* [Information provided]:
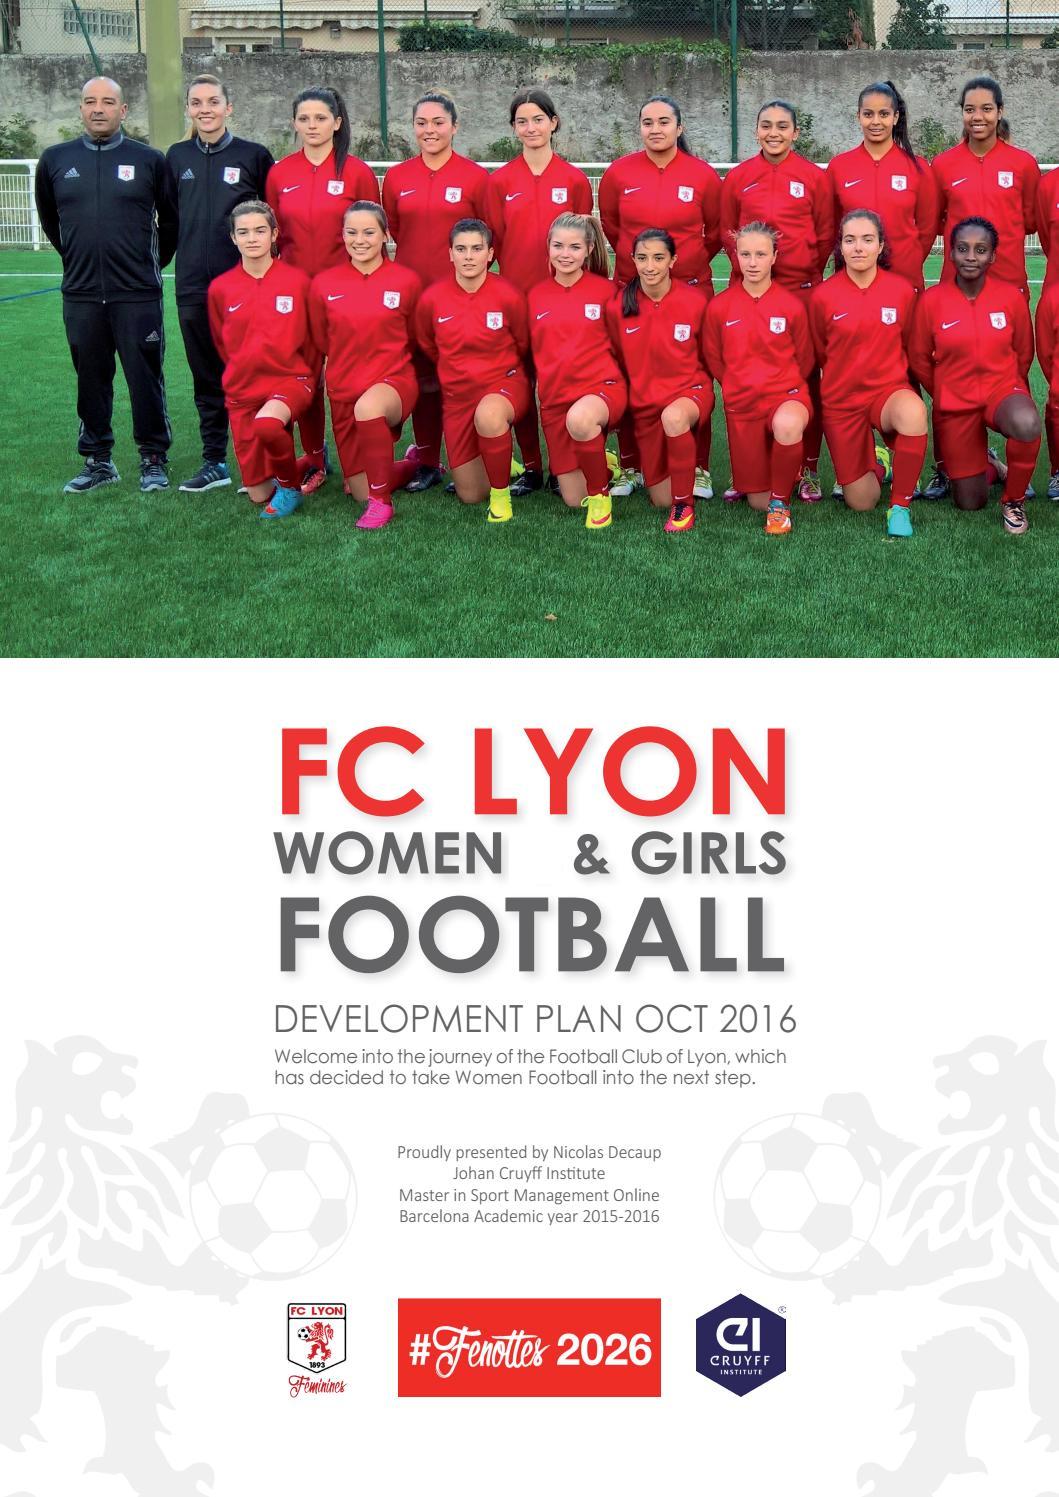 That Club amateur football feminin lyon commit error
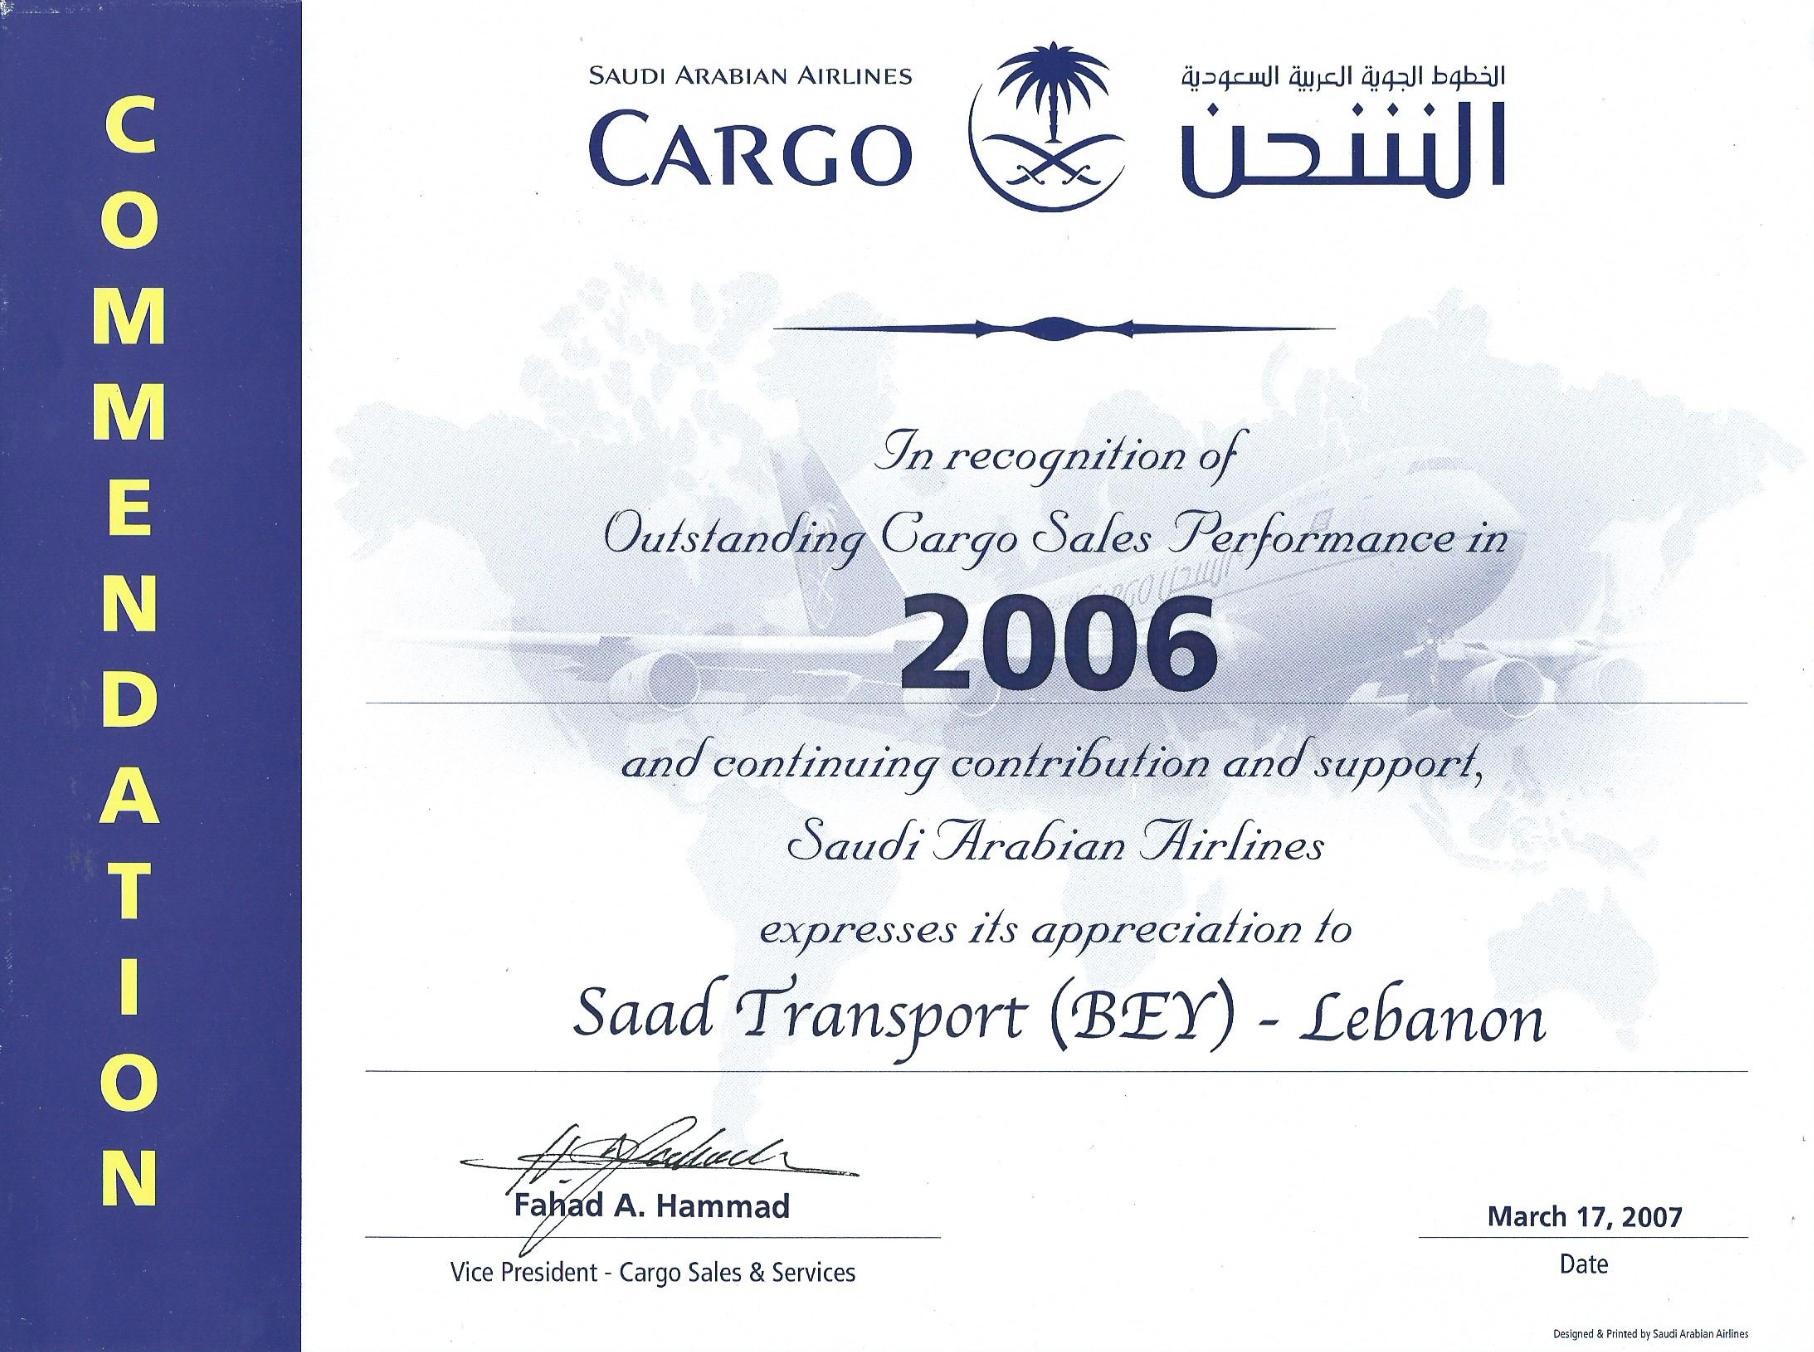 Outstanding Cargo Performance 2006
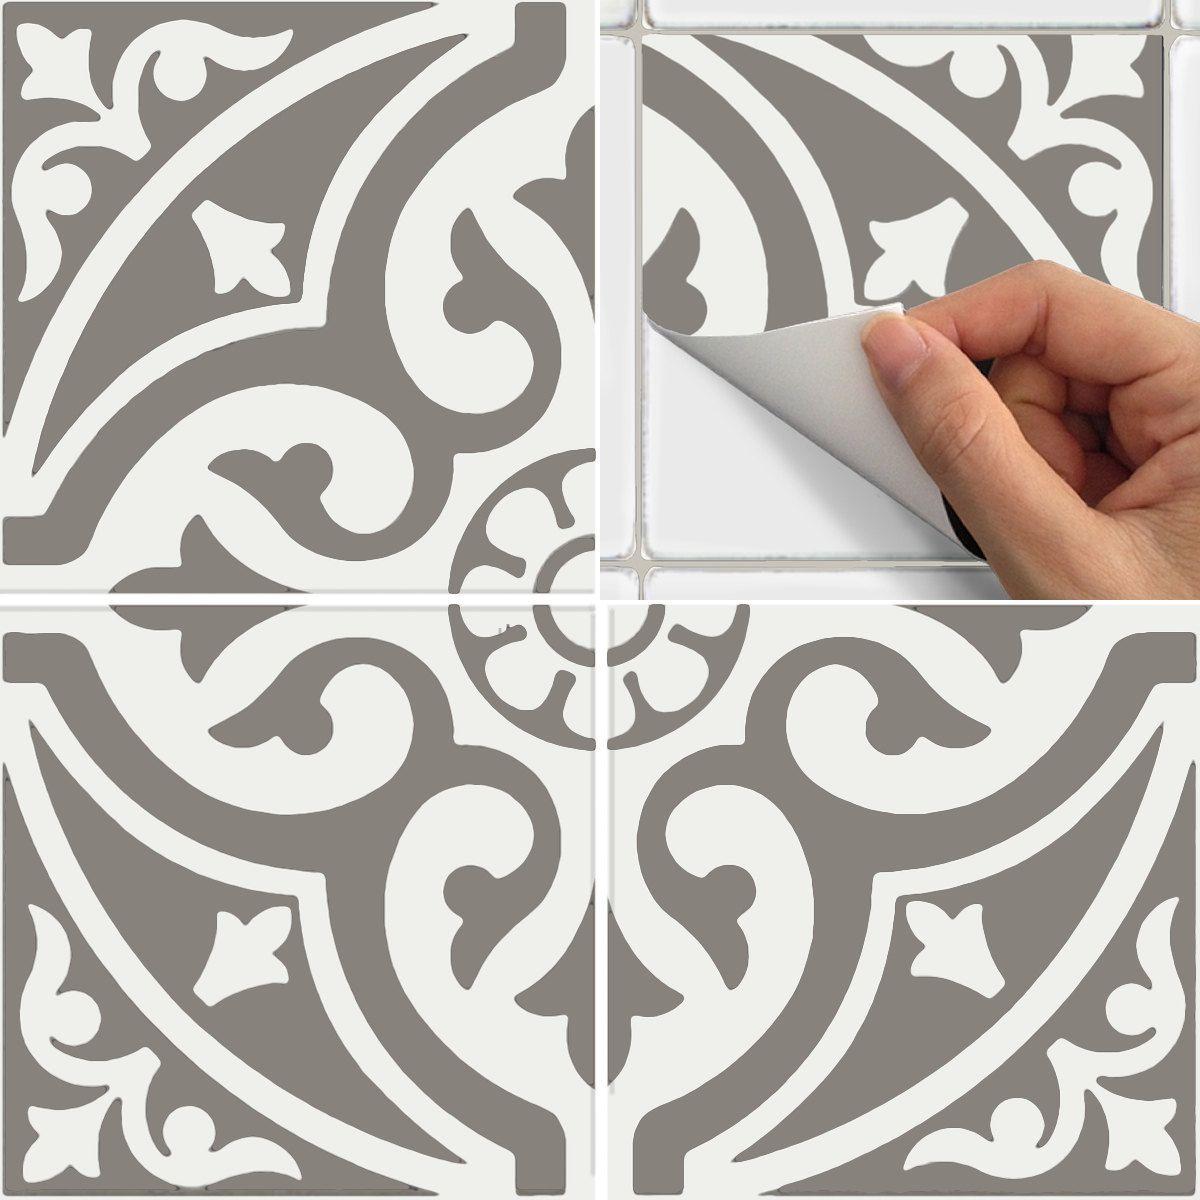 Tile sticker for kitchen bath floor wall waterproof - Stickers pour carrelage mural cuisine ...
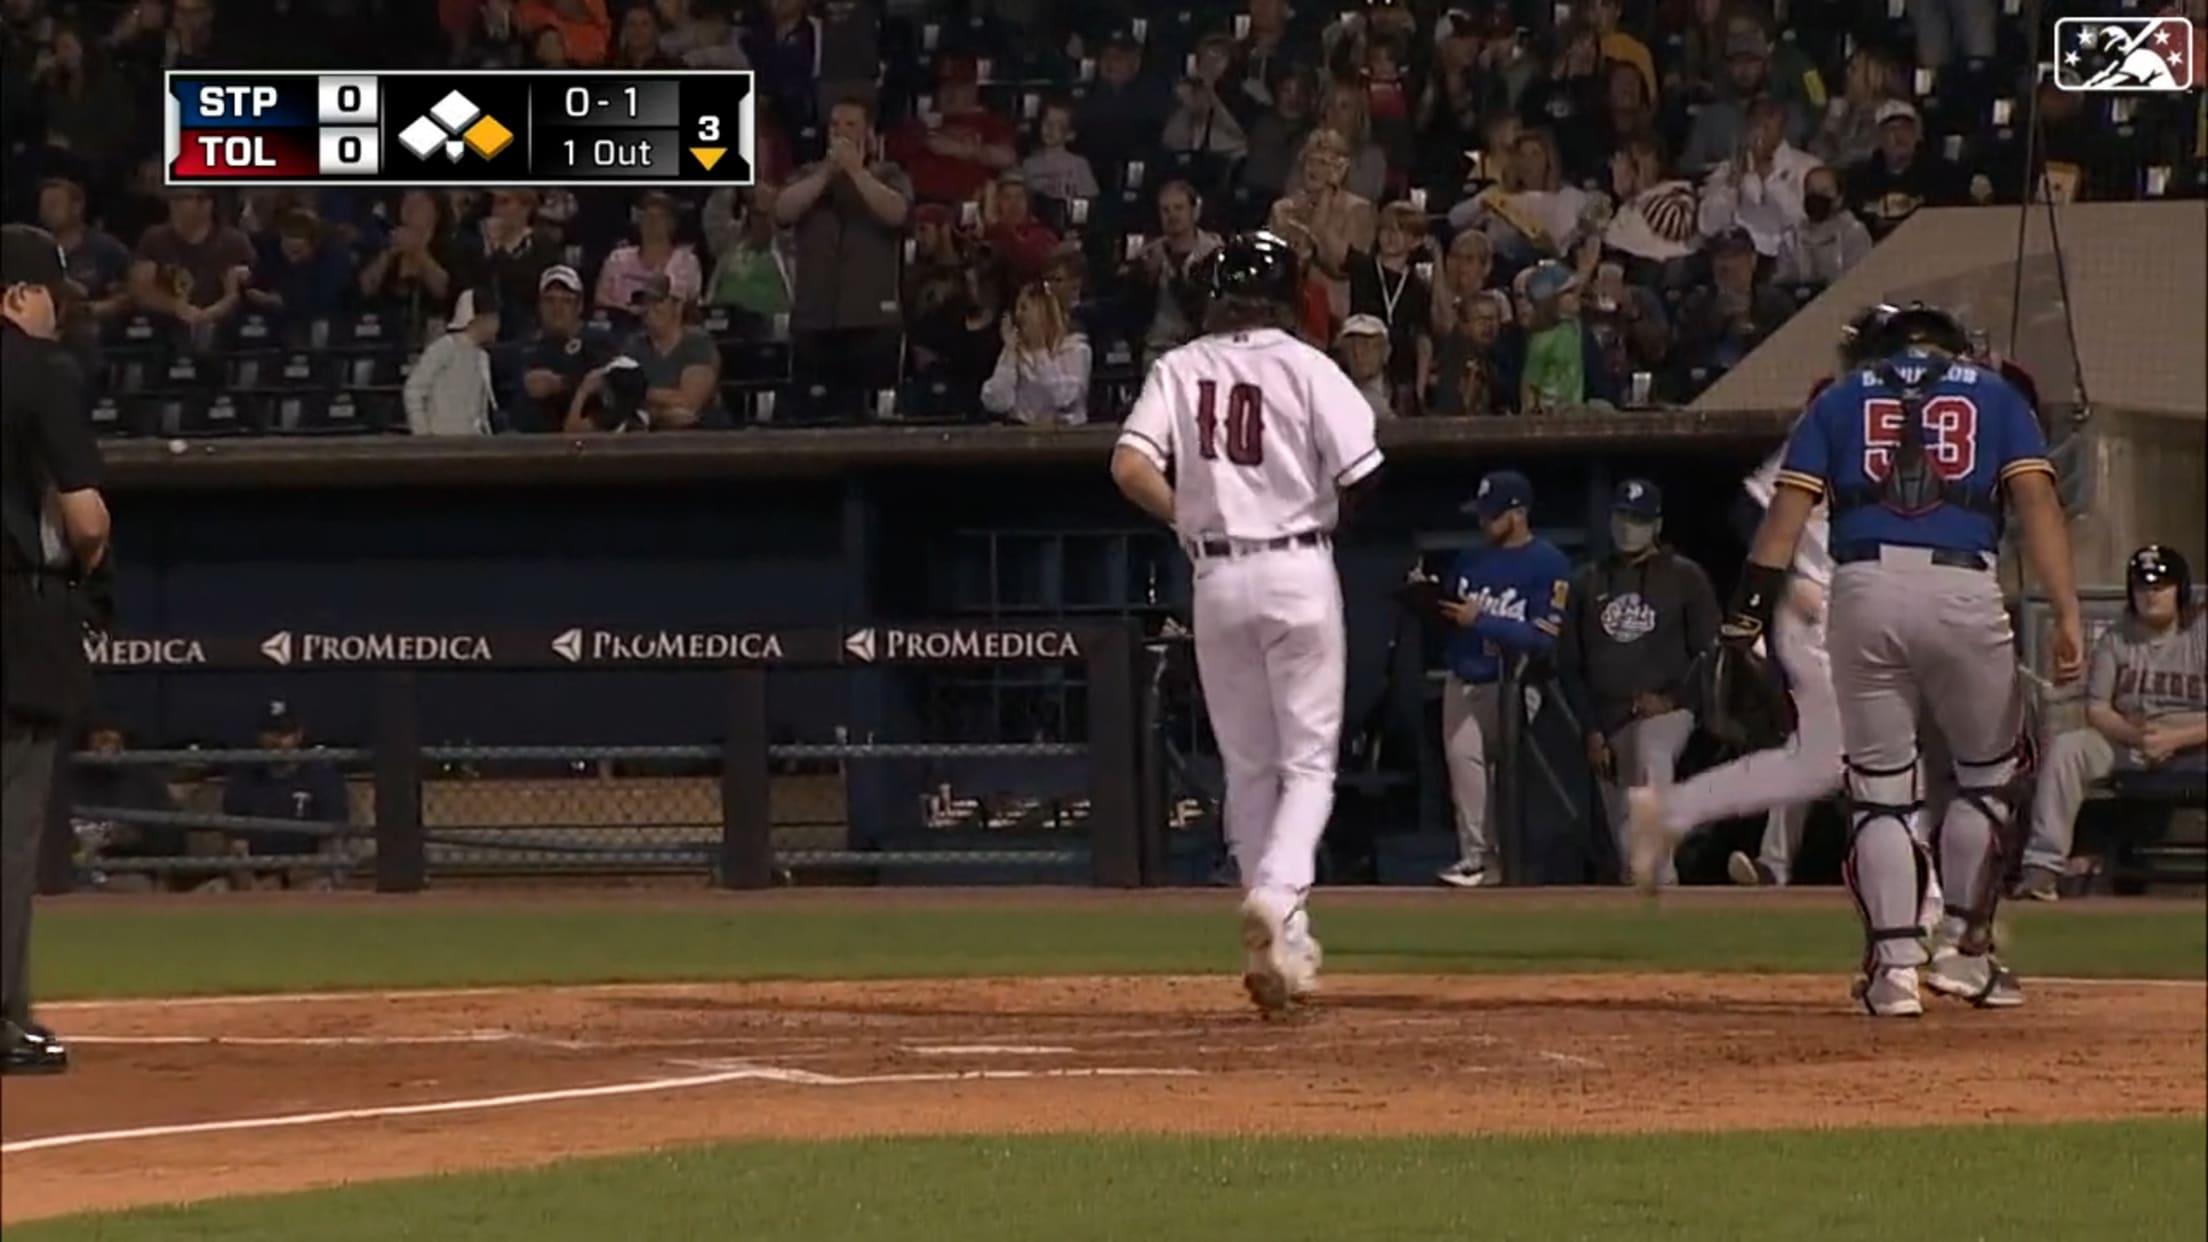 Riley Greene's 24th homer

* [Task brief]: No pictures belong in the copy. Return exactly the lines from the line containing "Outstanding Cargo Performance 2006" through the last line of the listing.

* [Answer below]:
 Outstanding Cargo Performance 2006
 Tile sticker for kitchen bath floor wall waterproof - Stickers pour carrelage mural cuisine ...
 Riley Greene's 24th homer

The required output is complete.